> WHAT IS BEING ASKED:
Repeat the listing below line by line, exactly, leaving its pictures behind.

> SOURCE DATA:
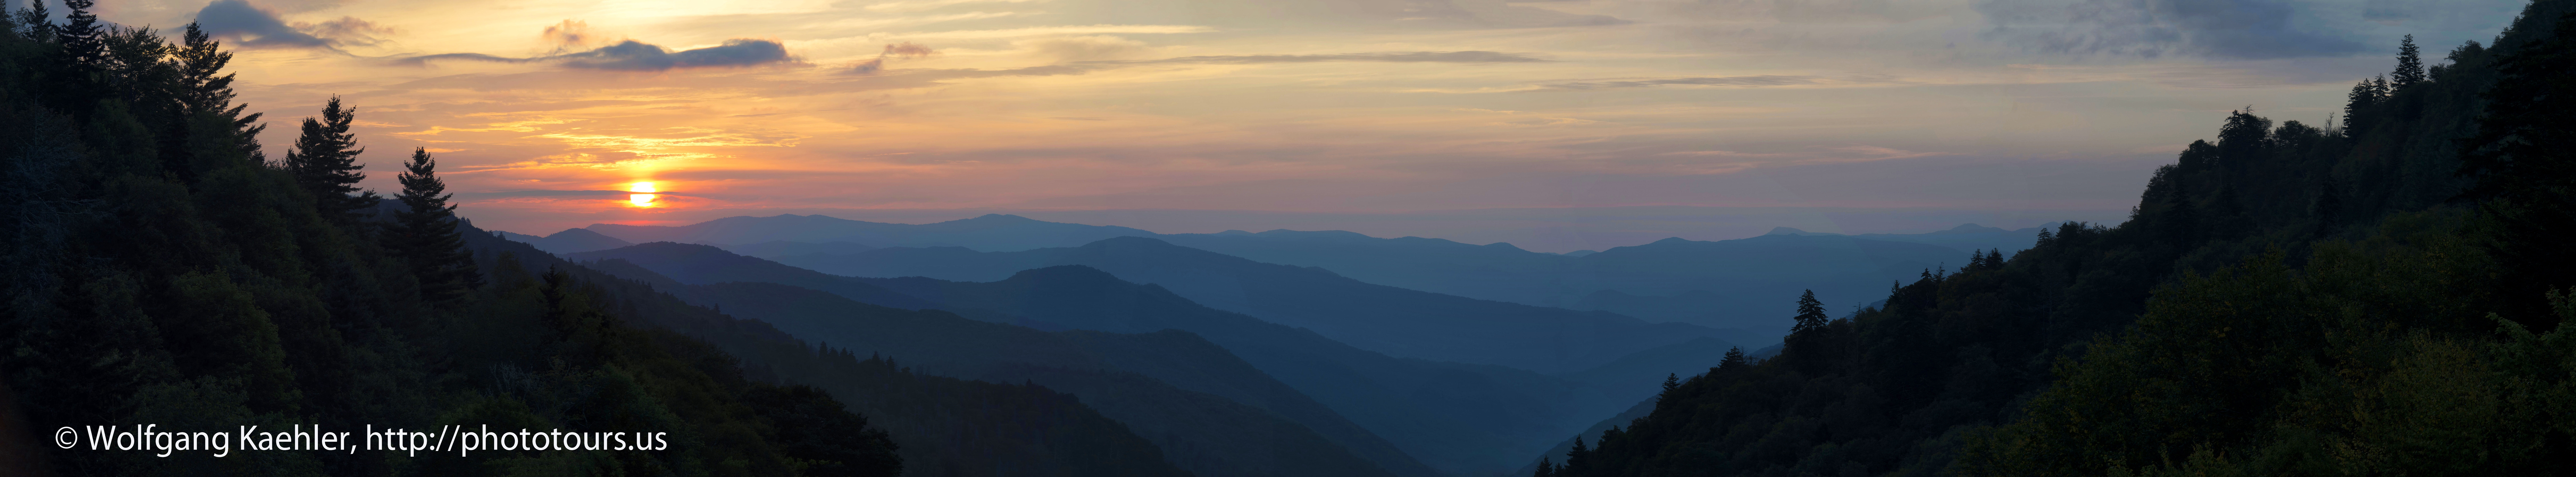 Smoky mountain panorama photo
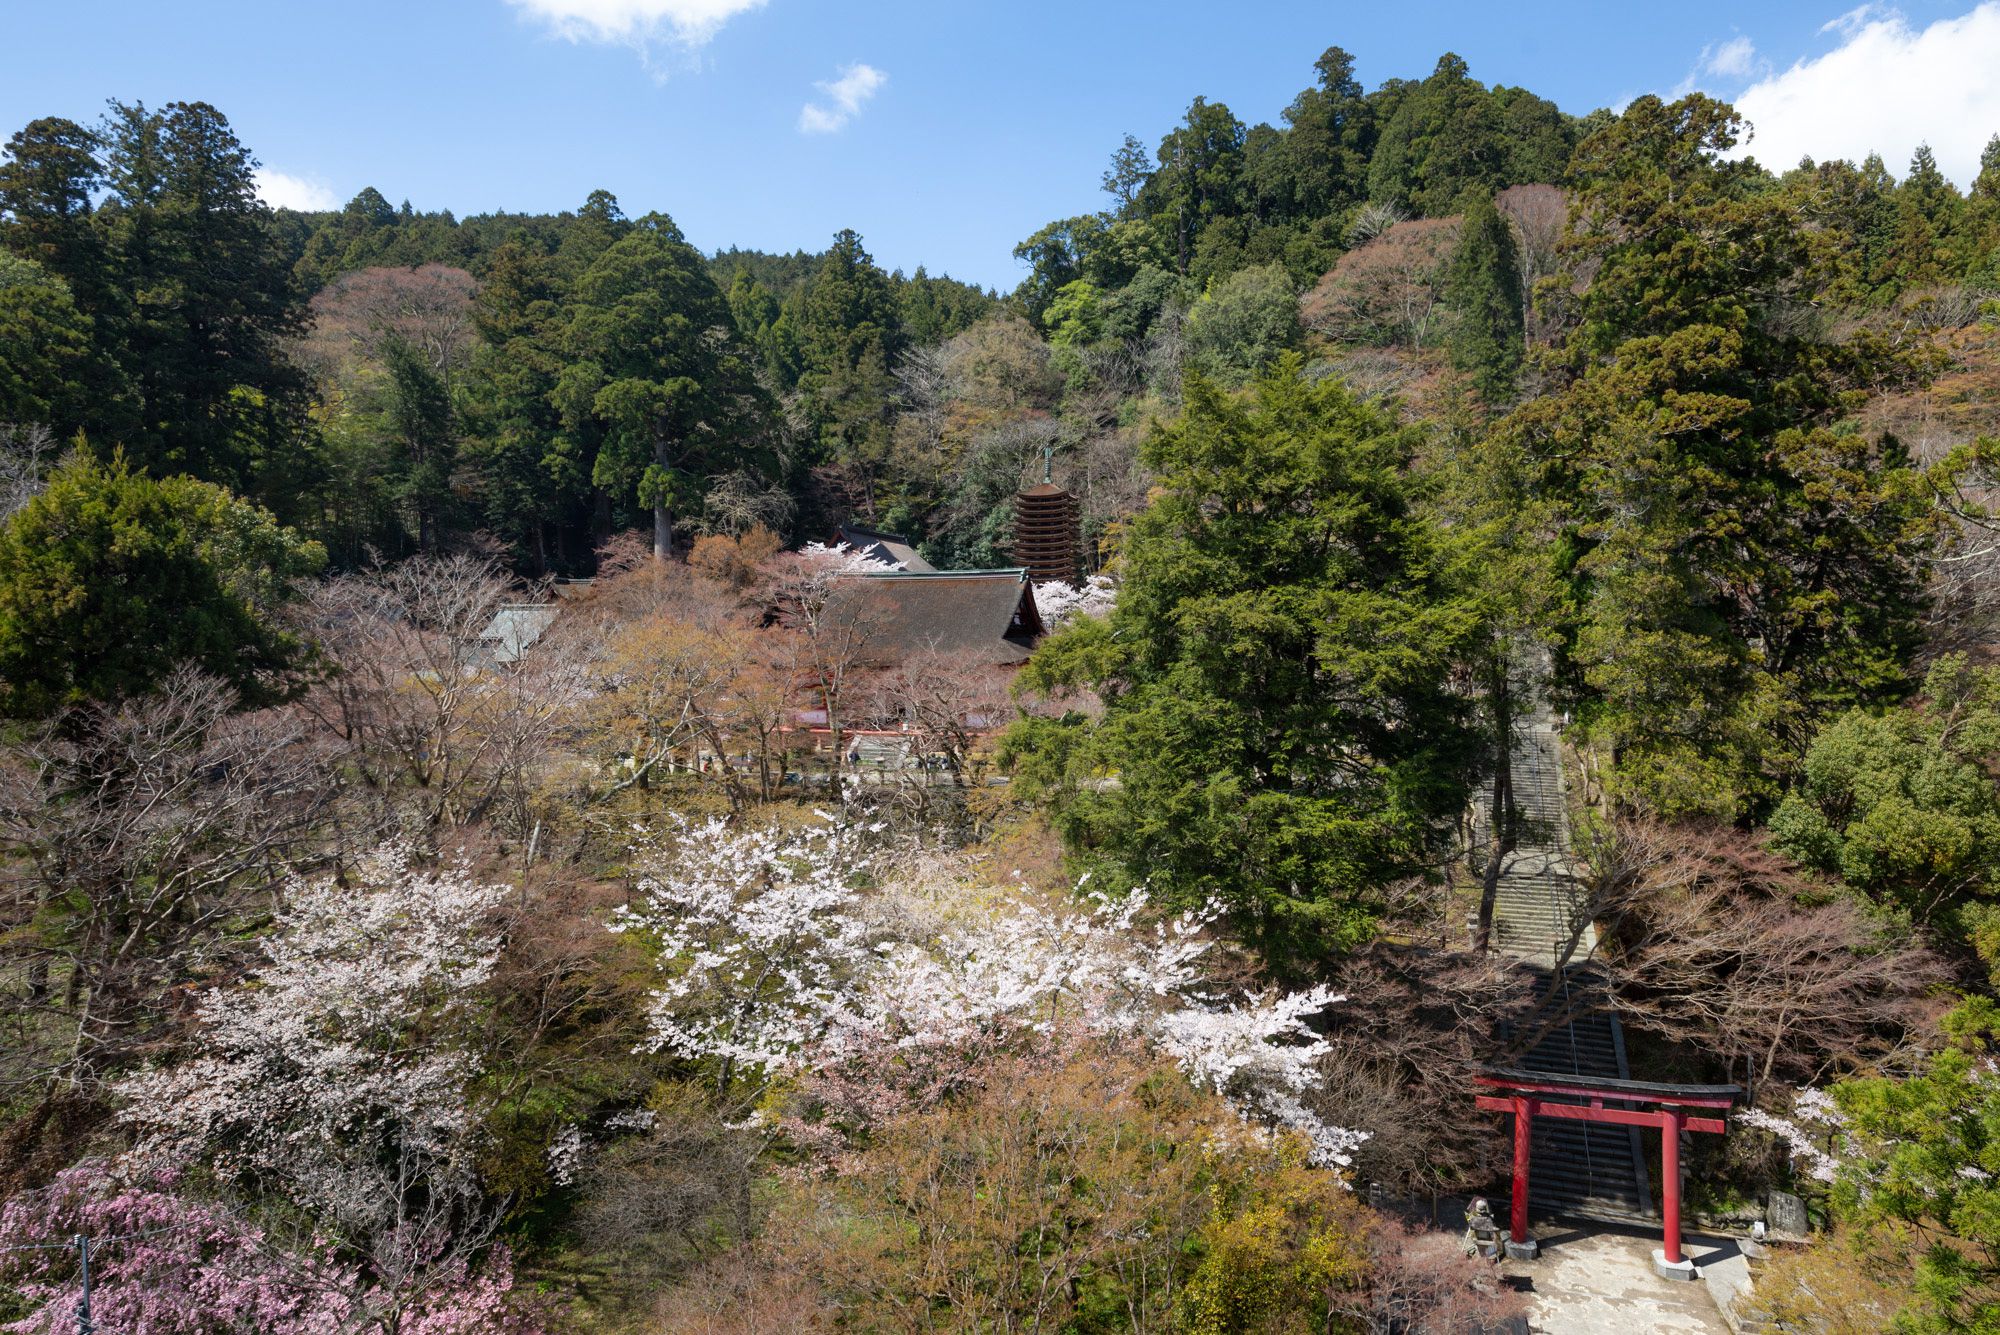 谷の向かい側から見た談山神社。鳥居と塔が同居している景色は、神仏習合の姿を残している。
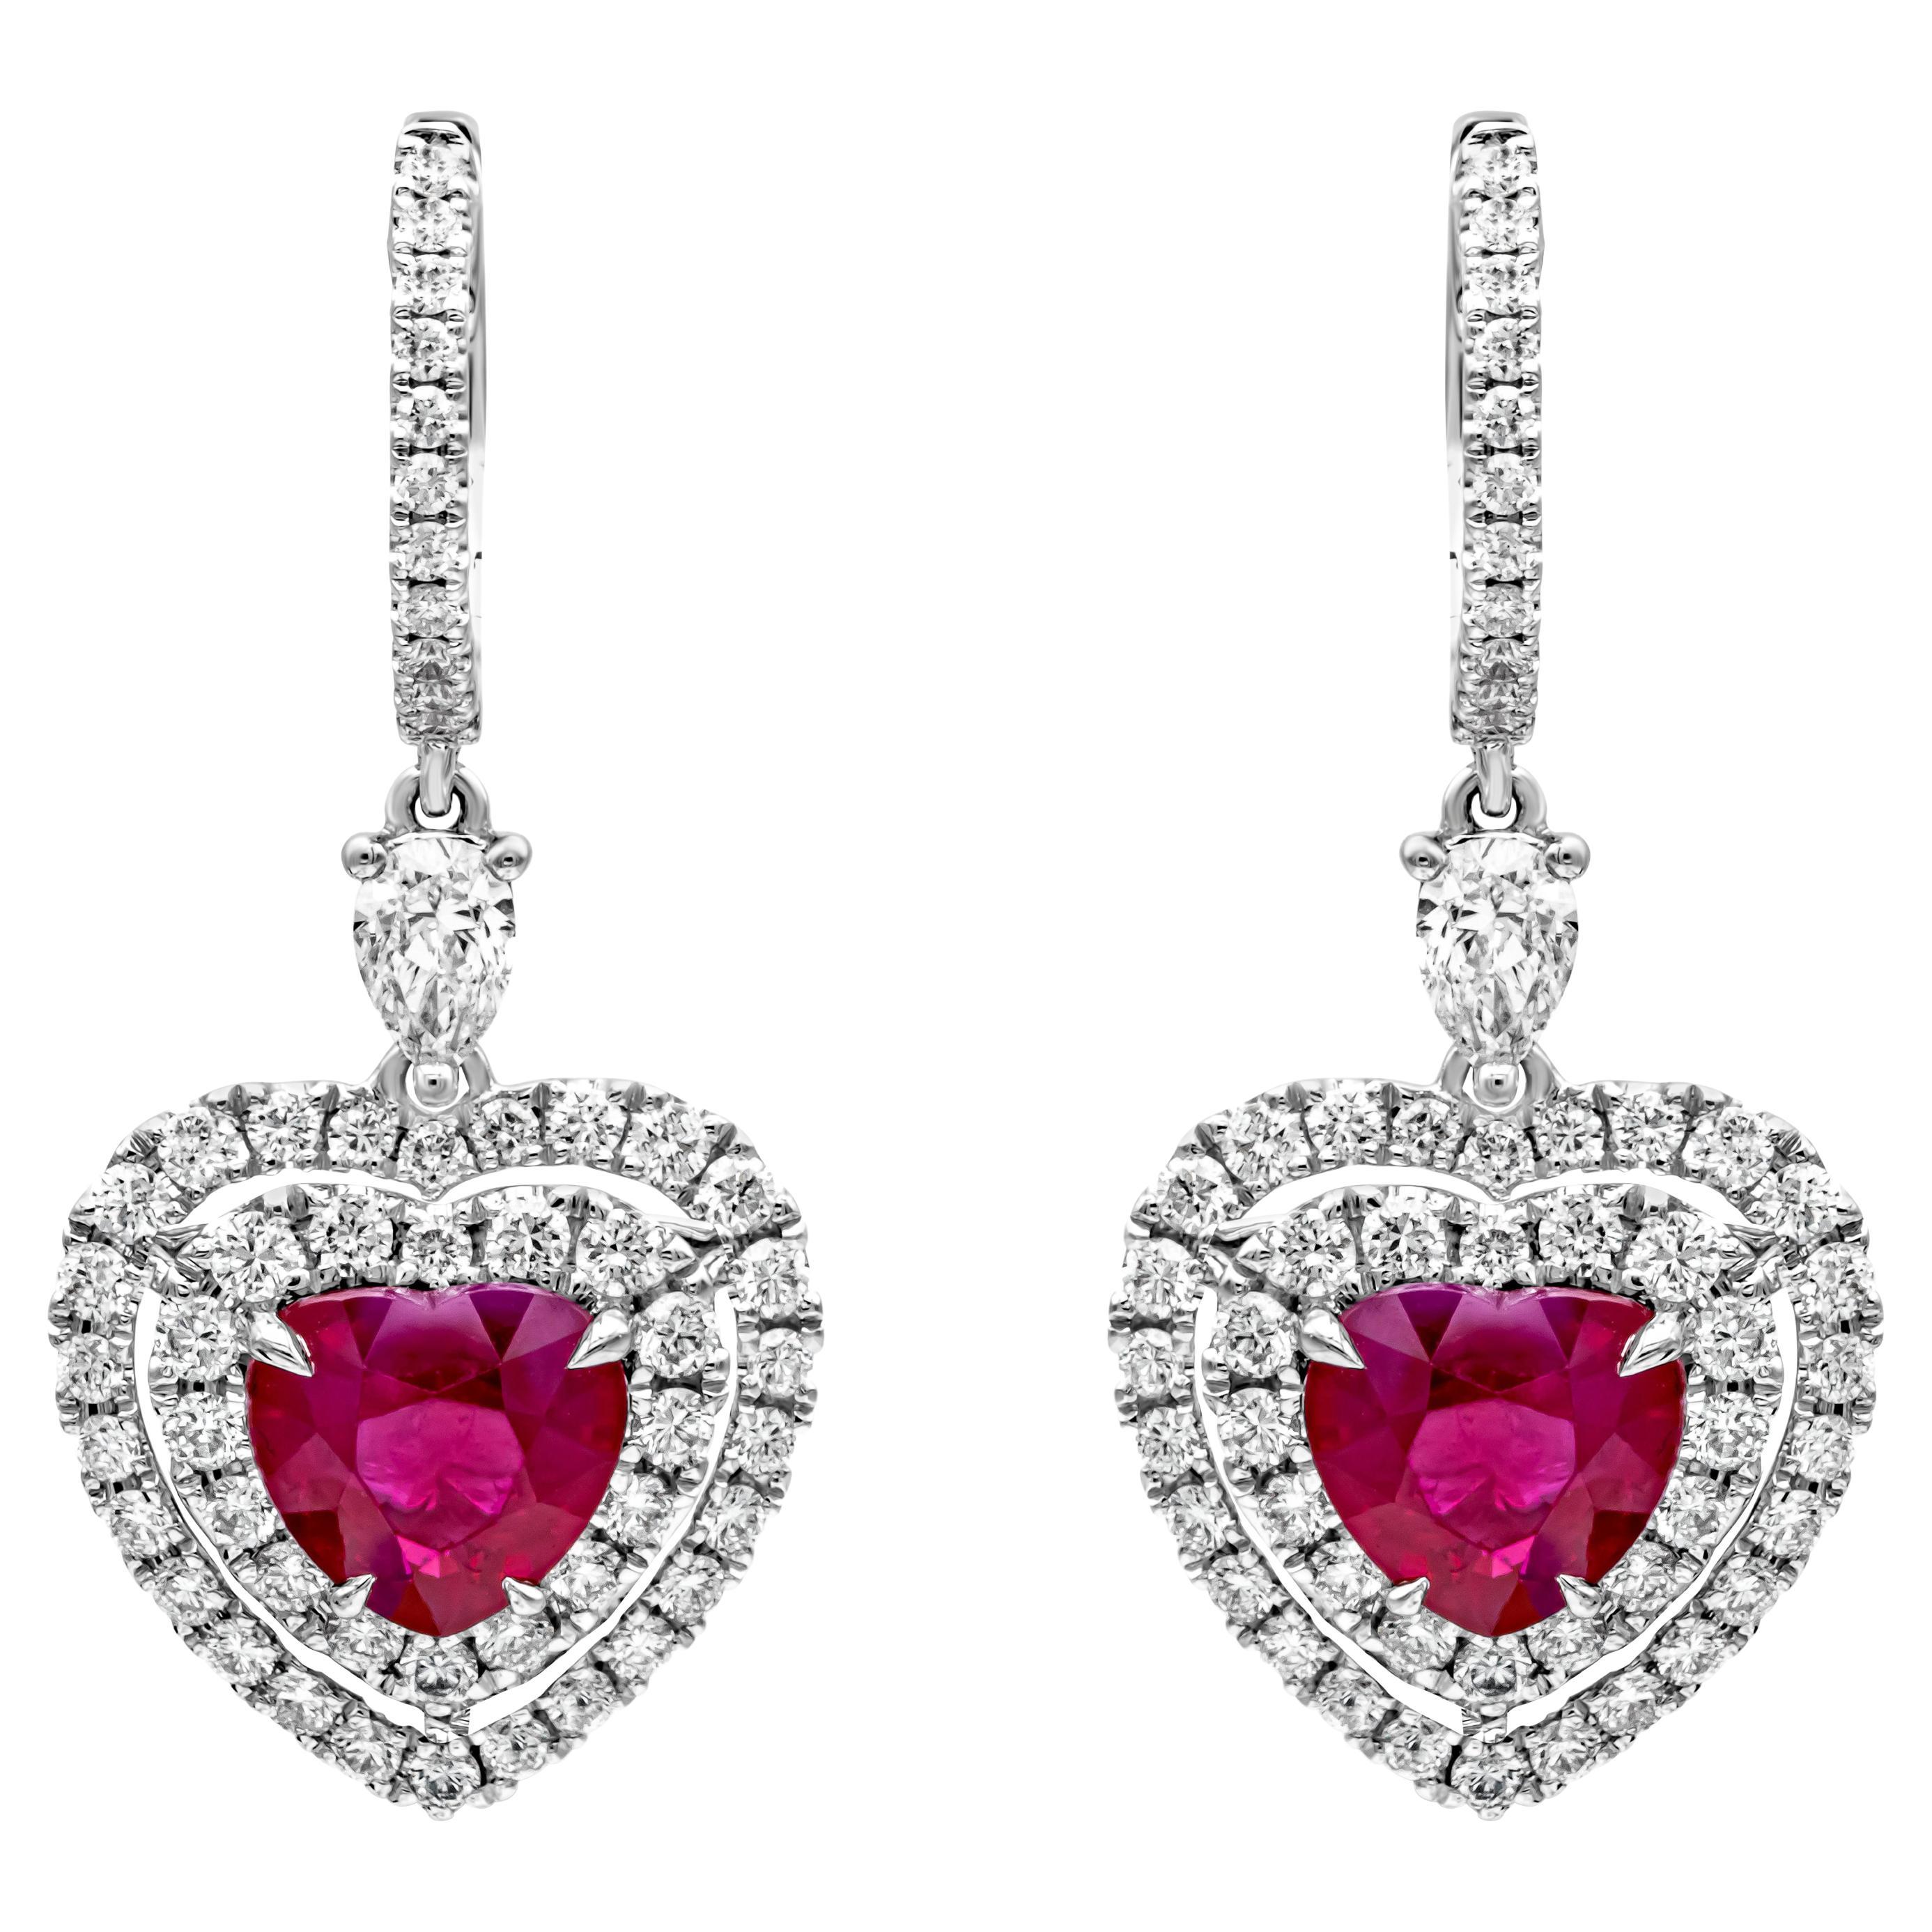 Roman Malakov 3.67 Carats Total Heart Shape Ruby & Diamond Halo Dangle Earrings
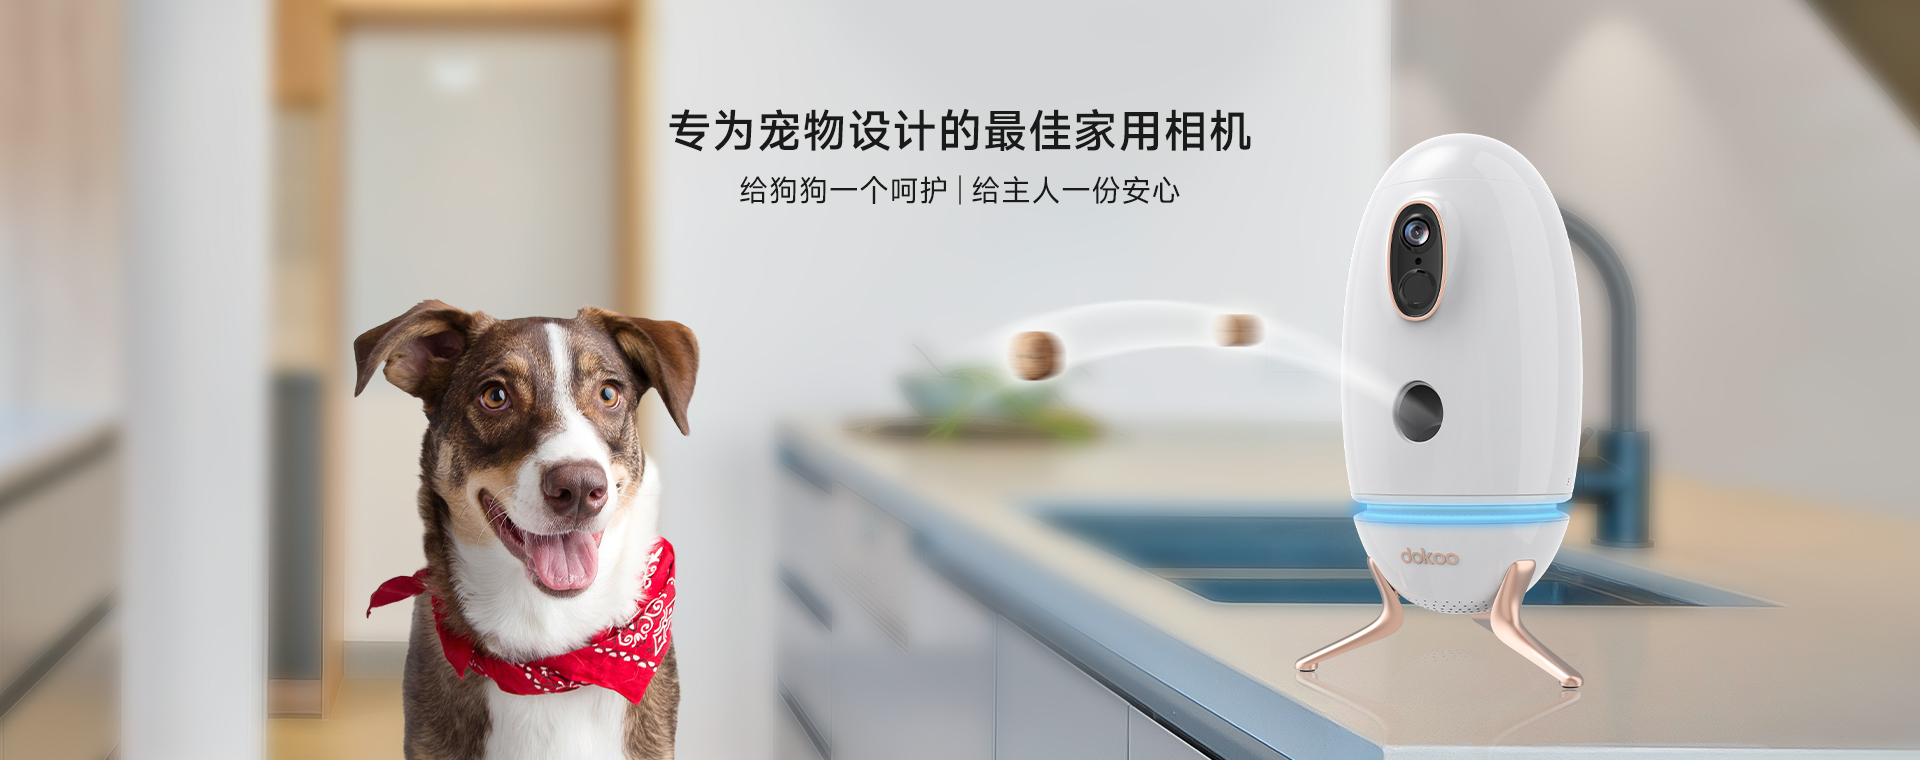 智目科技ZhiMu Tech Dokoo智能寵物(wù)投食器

> YOUR RESPONSE:
 Smoky mountain panorama photo
 谷の向かい側から見た談山神社。鳥居と塔が同居している景色は、神仏習合の姿を残している。
 Roman Malakov 3.67 Carats Total Heart Shape Ruby & Diamond Halo Dangle Earrings
 智目科技ZhiMu Tech Dokoo智能寵物(wù)投食器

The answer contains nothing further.